Father Lavers emphasized that McCarrick did not operate alone and said that a full investigation needs to be conducted into McCarrick’s network and the atmosphere in which his behavior was tolerated.
According to Seton Hall’s’ review update, one of five key areas the university has identified as needing improvement is “the structural relationship among the university, Immaculate Conception Seminary (an affiliated yet separate corporate entity) and the Archdiocese of Newark (an affiliated yet separate corporate entity) to enhance oversight, control and compliance to prevent recurrence.”
However, it appears that under the existing governance structure, the archbishop of Newark already has the formal authority to make whatever changes he judges necessary. Seton Hall University is a diocesan university with a unique affiliation agreement with the Archdiocese of Newark. Under its provisions, Cardinal Tobin serves as chairman of the university’s board of trustees and as president of its board of regents.
And because Immaculate Conception is the archdiocesan seminary, the cardinal is also in charge there, appointing its faculty and administration.
The Register asked Maria Margiotta, the director of communications for the Archdiocese of Newark, if Cardinal Tobin, given his oversight role, could comment further on the investigation or on steps the archdiocese is taking, aside from a Title IX-based review, to address the allegations of homosexual behavior in the seminary.

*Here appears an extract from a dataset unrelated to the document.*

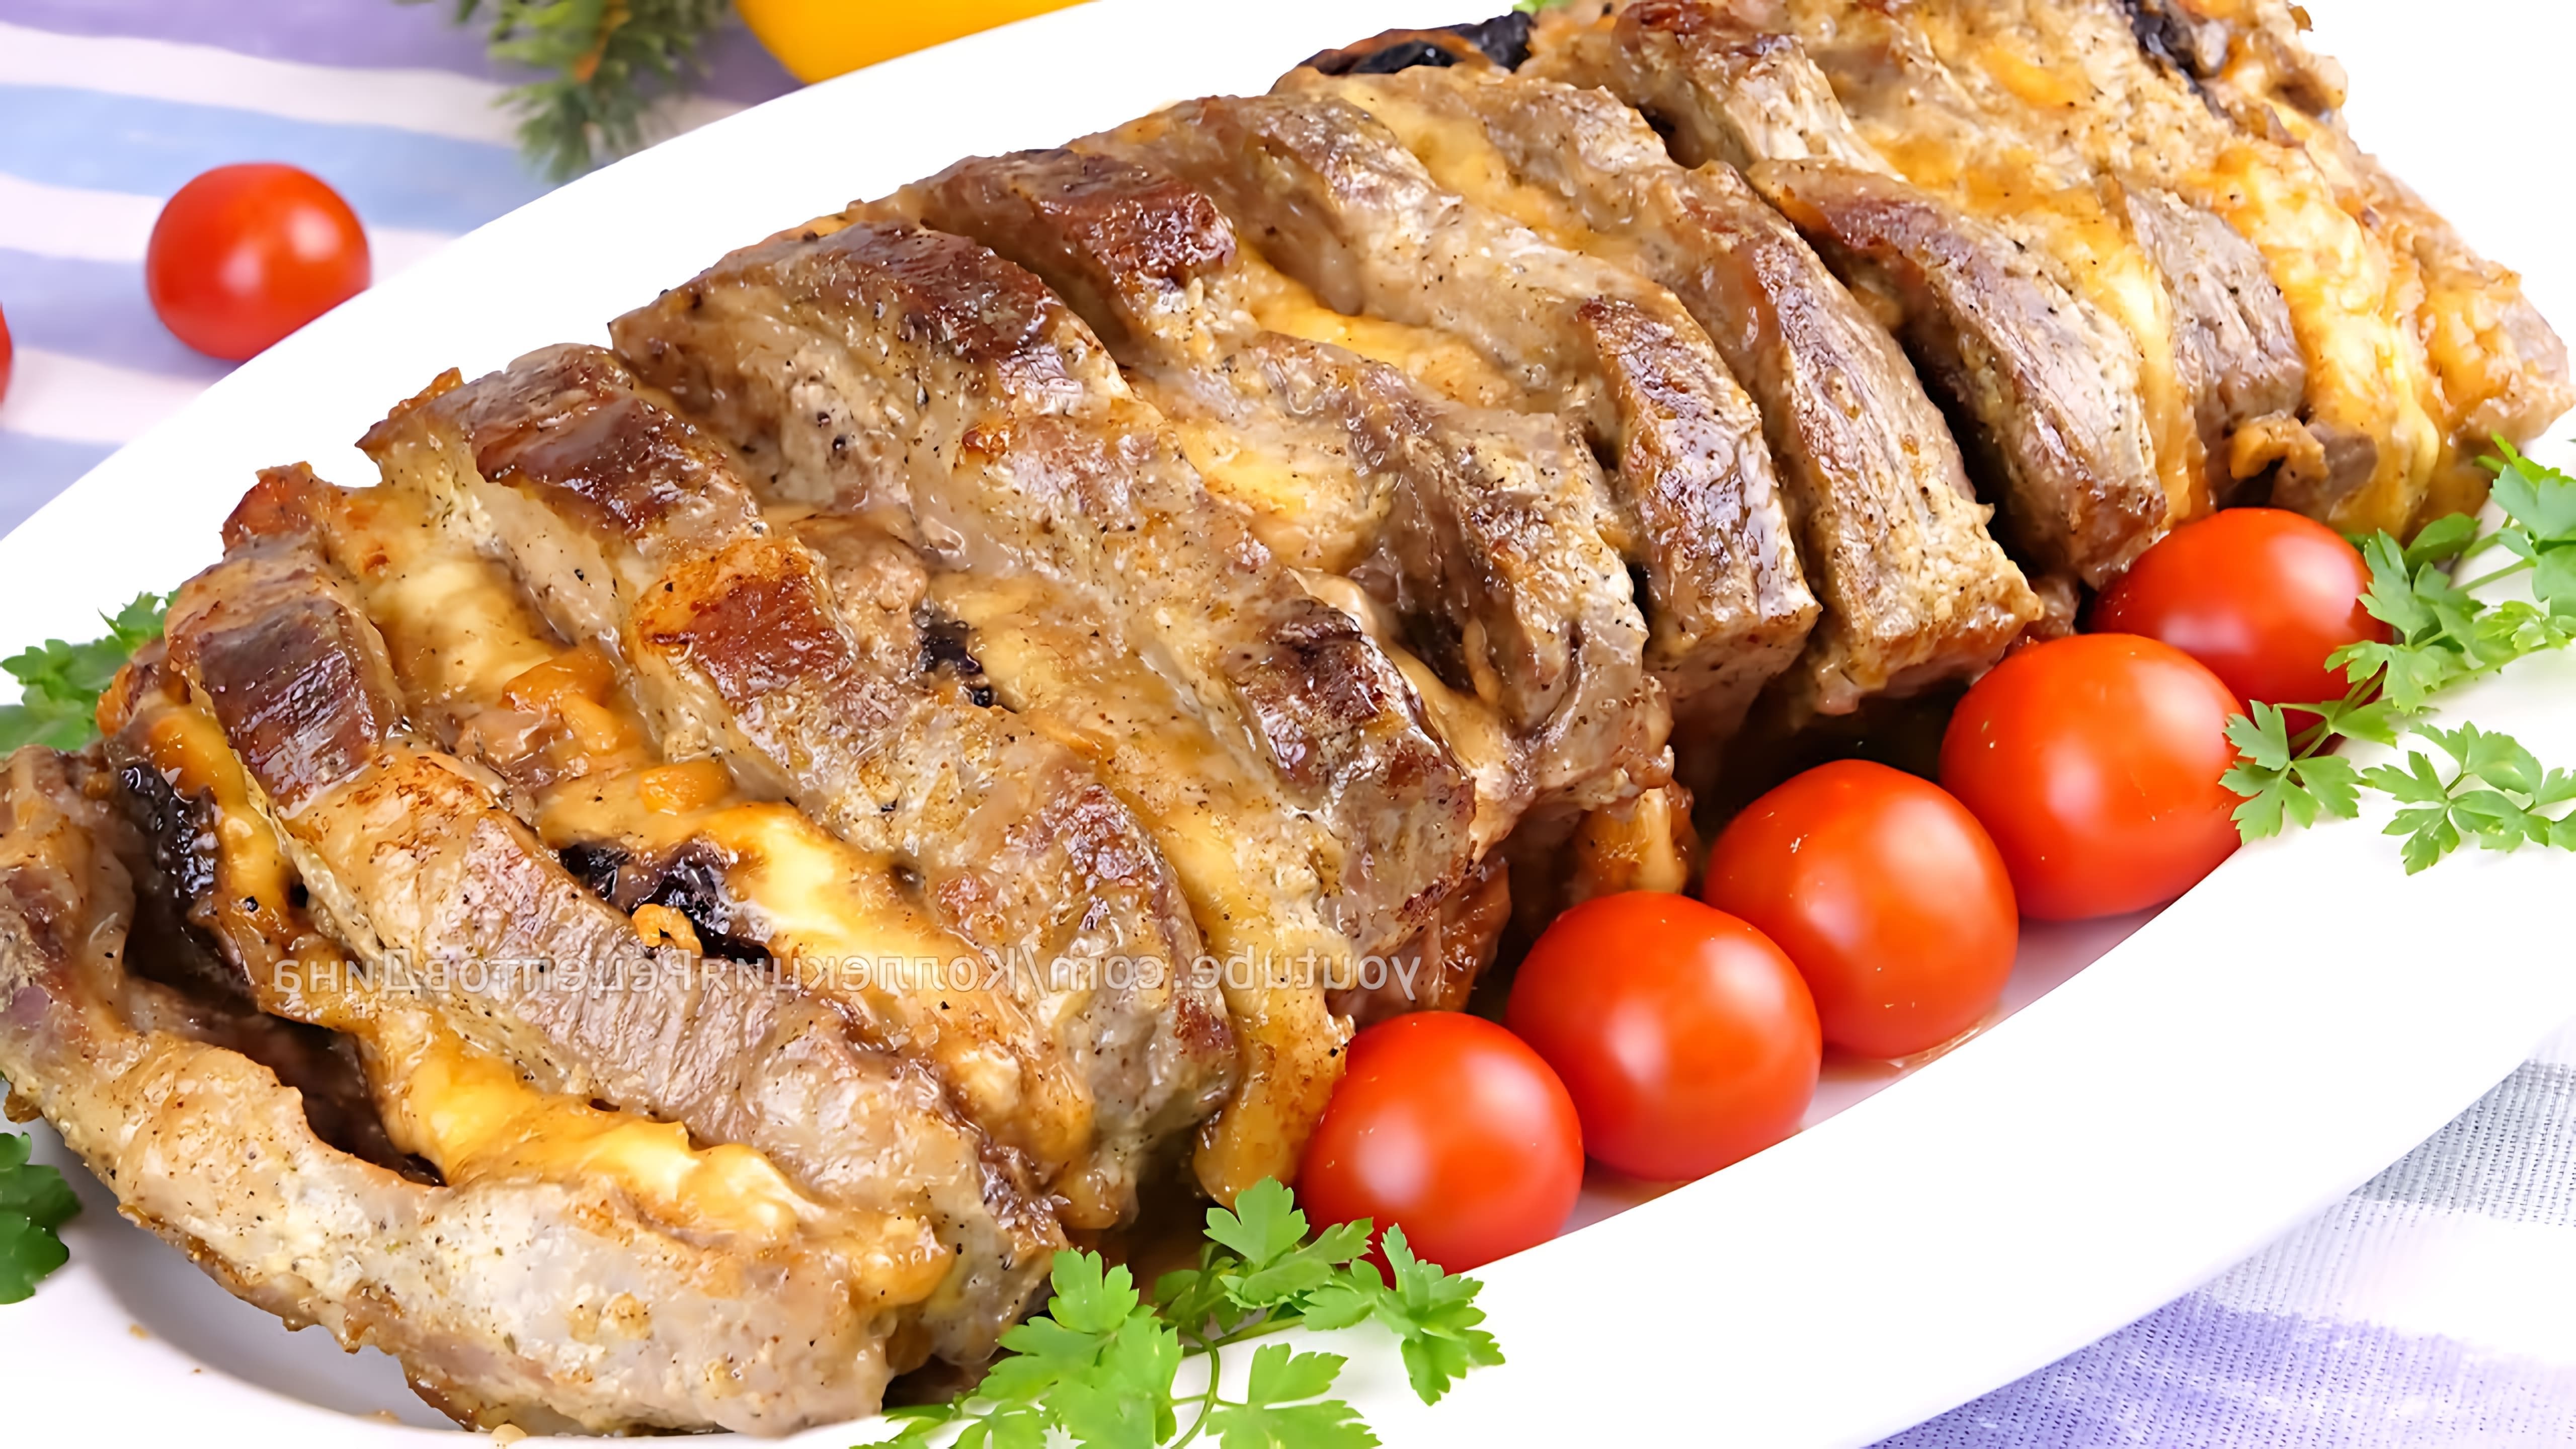 В этом видео демонстрируется рецепт праздничной мясной "Гармошки" с черносливом и курагой

Margiotta said that “the Archdiocese of Newark cannot comment further on this ongoing process. We continue to focus on transparency and accountability and to reinforcing established reporting and prevention policies and programs to protect the faithful and support victims in our parishes, schools and ministries. We continue our full and proactive collaboration and transparency with state and local law enforcement officials and with the attorney general’s office, which remains a priority.”

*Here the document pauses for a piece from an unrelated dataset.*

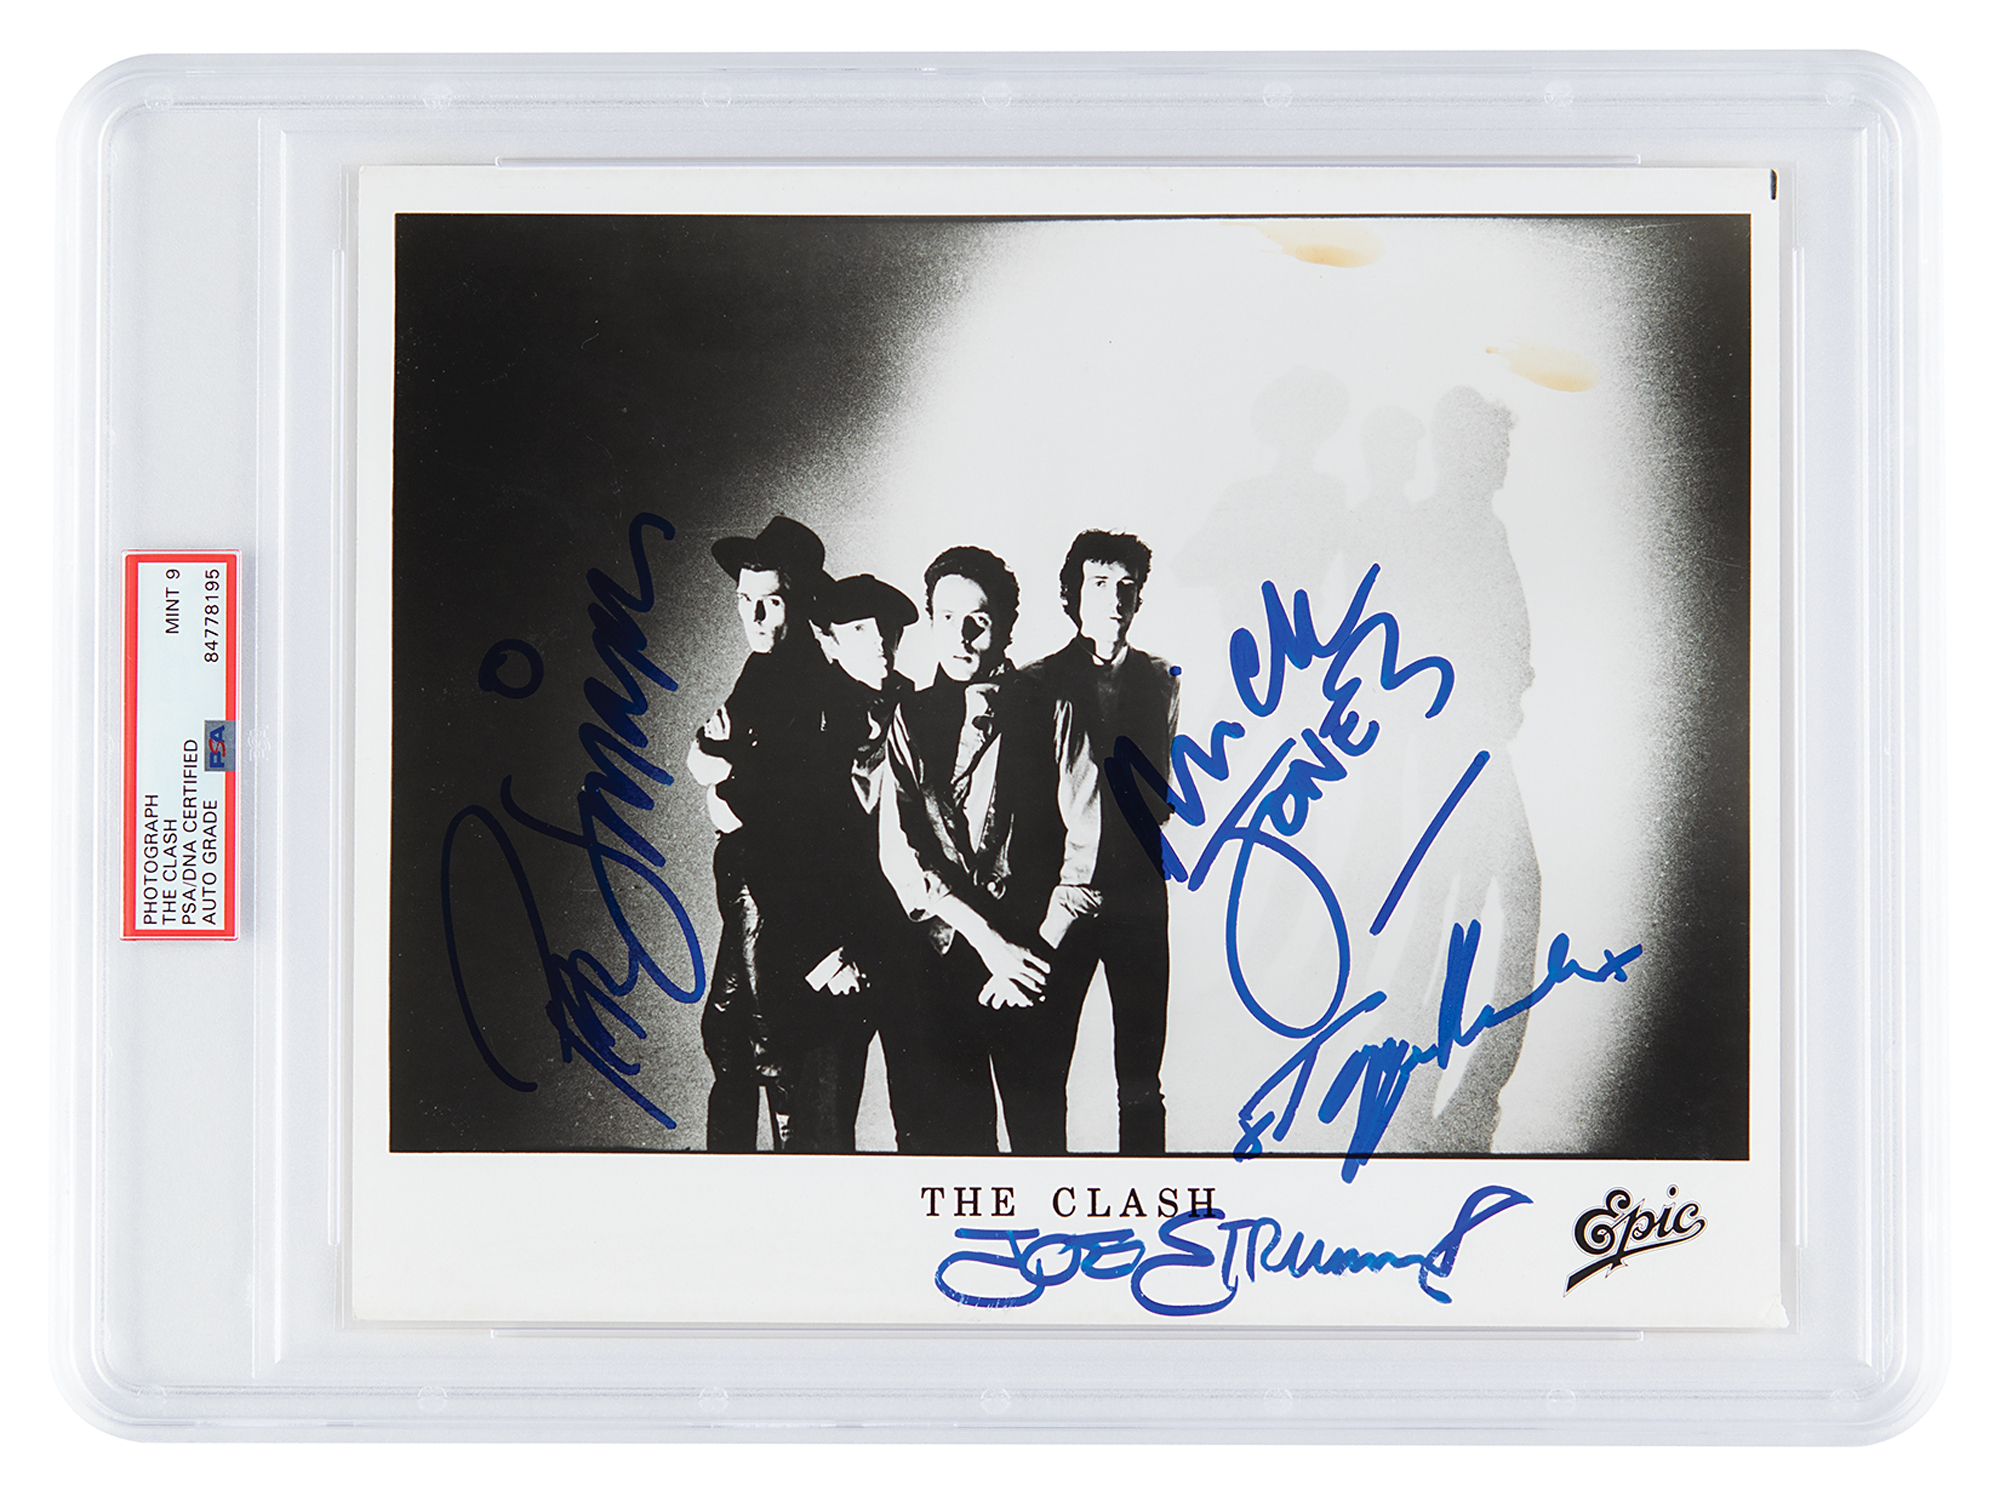 Lot #7275 The Clash Signed Photograph - PSA MINT 9

With respect to the administration of Immaculate Conception Seminary itself, Hoatson pointed out that he told the investigators that the current rector is Msgr. Joseph Reilly, who was a priest secretary to McCarrick in 1994 when he was archbishop of Newark. Consequently Msgr. Reilly “should have known about what was happening with McCarrick,” Hoatson said.
Msgr. Reilly told the Register he had no comment when asked about the alleged homosexual subculture at the seminary, his past work with McCarrick and his thoughts on the independent review the school had conducted.
Based on his own experiences at Immaculate Conception, Father Ramsey expressed skepticism that there was a real desire to make substantive change in the area of governance.
“When I was there the seminary was treated as if it was a special place that was ‘theoretically’ under the jurisdiction of the university, and the seminary liked it that way,” Father Ramsey said. “The less oversight the better.”
Staff writer Lauretta Brown writes from Washington, D.C.